What is big data integration?

It's an important and profound question, one that executives will increasingly be asking themselves in the coming years. What's more, much like the definition of big data, it's folly to think of "one" or "the right" definition of the term "big data integration."

Here's mine.

Think about most mature enterprise back-office systems for a moment. Sure, they contain the standard fields spread across multiple tables. Examples include customer ID, last name, first name and the like. Companies control the values in those fields, either through manual employee input or some type of batch processing.

An example

Let's make this less abstract. Let's look at Madrigal Communications, a fictitious Internet service provider (ISP). (Yes, the Breaking Bad reference is intentional.) Somewhere in Madrigal's internal systems, a table similar to the one I've mocked up below exists:

This is nothing new. Big data integration, however, links those fields with externally generated data – i.e., data generated by customers, partners and users. Moreover, this data isn't "born" in internal systems. Rather, it's linked or imported from outside sources.

Again, let's turn to our Madrigal example. Note the existence of a new field on the right (Twitter handle):

(Note that I possess no insider knowledge of Madrigal's systems and database tables. I'm just explaining what big data integration would look like.)

Now, via the Twitter API, Madrigal can import and link to any one of all of my 25,000 or so tweets. However, that might be overkill. That is, Madrigal probably doesn't care about my über-fascinating tweets from Rush or Marillion concerts. Of greater importance are the ones that include @Madrigal, Madrigalhelp, and/or @Madrigalcomm, the fake company's real Twitter account).

It wouldn't be terribly difficult to retrieve and store all Madrigal-related tweets in a database table for not only me, but for every customer who tweets. (Hence the term, big data integration.)

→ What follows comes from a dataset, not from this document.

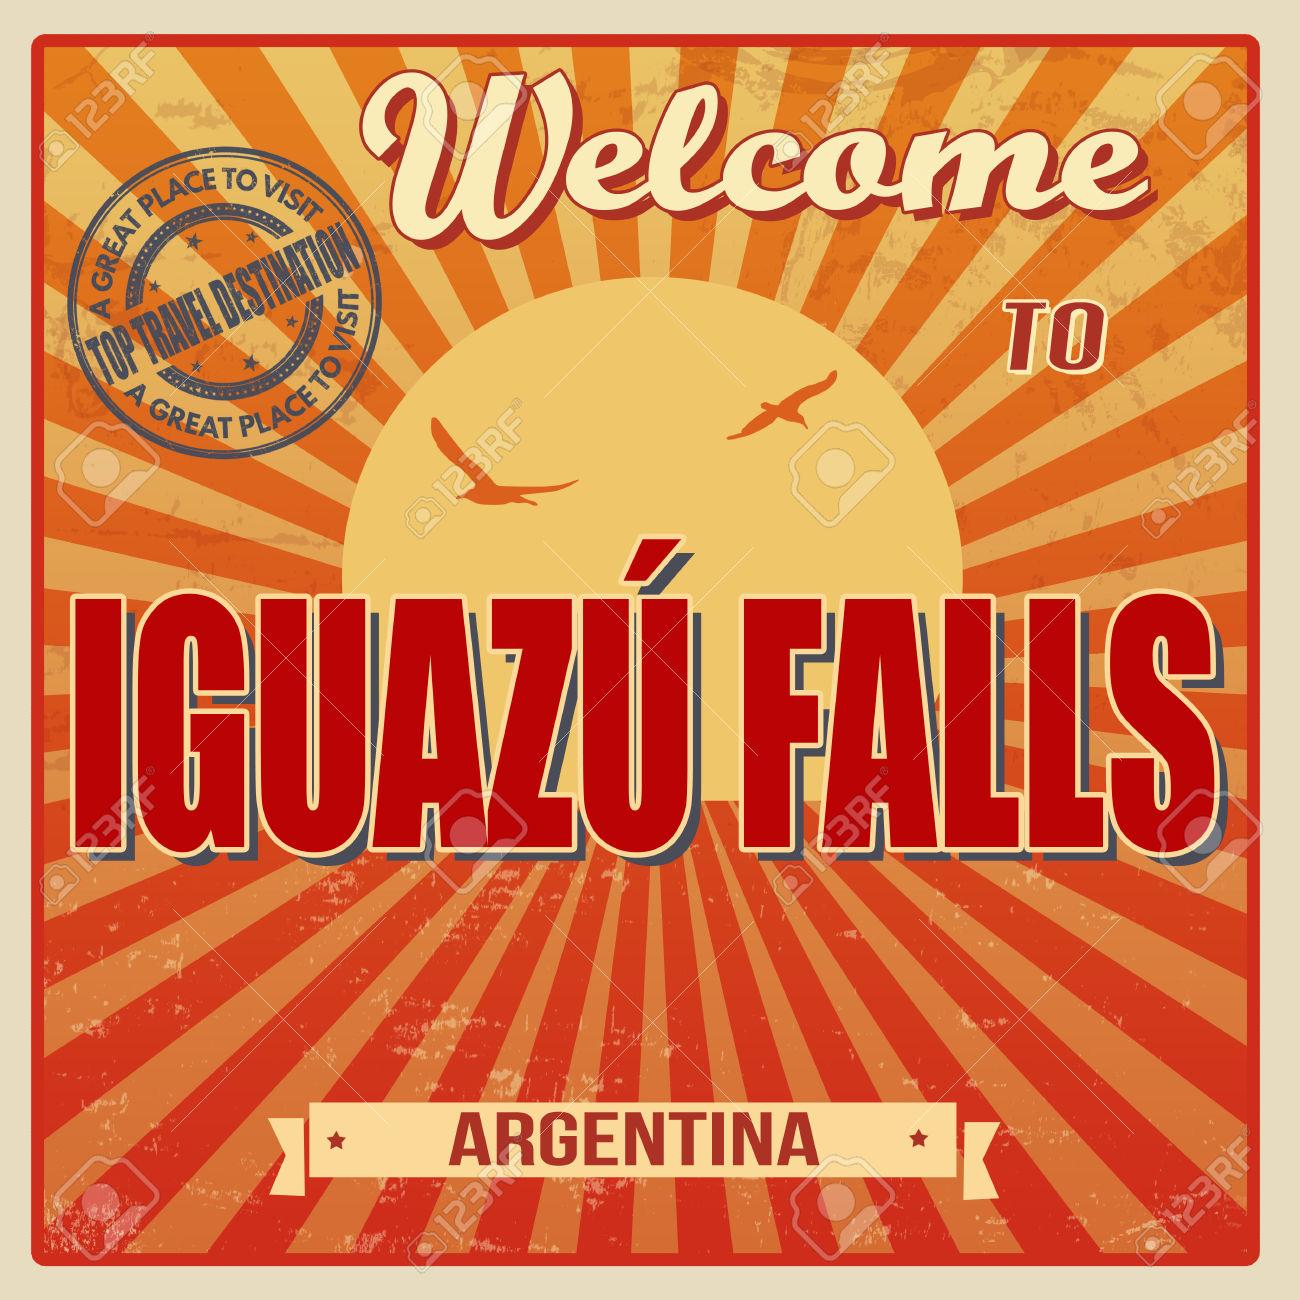 Iguazu Falls clipart #2, Download drawings

What could Madrigal do with this information? Let me count the potential benefits:

Via the geolocation metadata possibly embedded in each tweet, Madrigal could see which areas experience slow connectivity or outages. Imagine having problems fixed while you sleep based on others' tweets.
Madrigal could determine which of its customers were the most active and theoretically influential on Twitter (based on proxies like number of followers). If Jim (see above) starts venting on the social network, it's more likely that he'll cause a stir – all else being equal. Perhaps it could nip the next United Breaks Guitars in the bud.
Madrigal could more effectively target ads in Twitter to customers in areas in which it operates. Consumers cannot as of yet pick any cable company to service their needs. Let's say that Madrigal competes with Verizon FIOS in Austin, TX. Why not try and poach a customer by showing an ad via Twitter?
Create alerts for Madrigal customer service reps to call me if I use certain words and/or hashtags such as #fail, #sucks, etc. That goes double if the tweets occur in a short period of time or over an extended period of time.

I could go on, but you get my point. There are certainly degrees of integration, but I wanted to keep this example relatively simple. As I'll argue in a forthcoming post, it's unwise to put all data into a single repository. In other words, it's not wise to go all-in.

Simon Says

In this simple example, I examined the potential benefits of integrating internal and relational enterprise data (read: small data) with the larger, messier stuff. Big data integration offers enormous possibilities.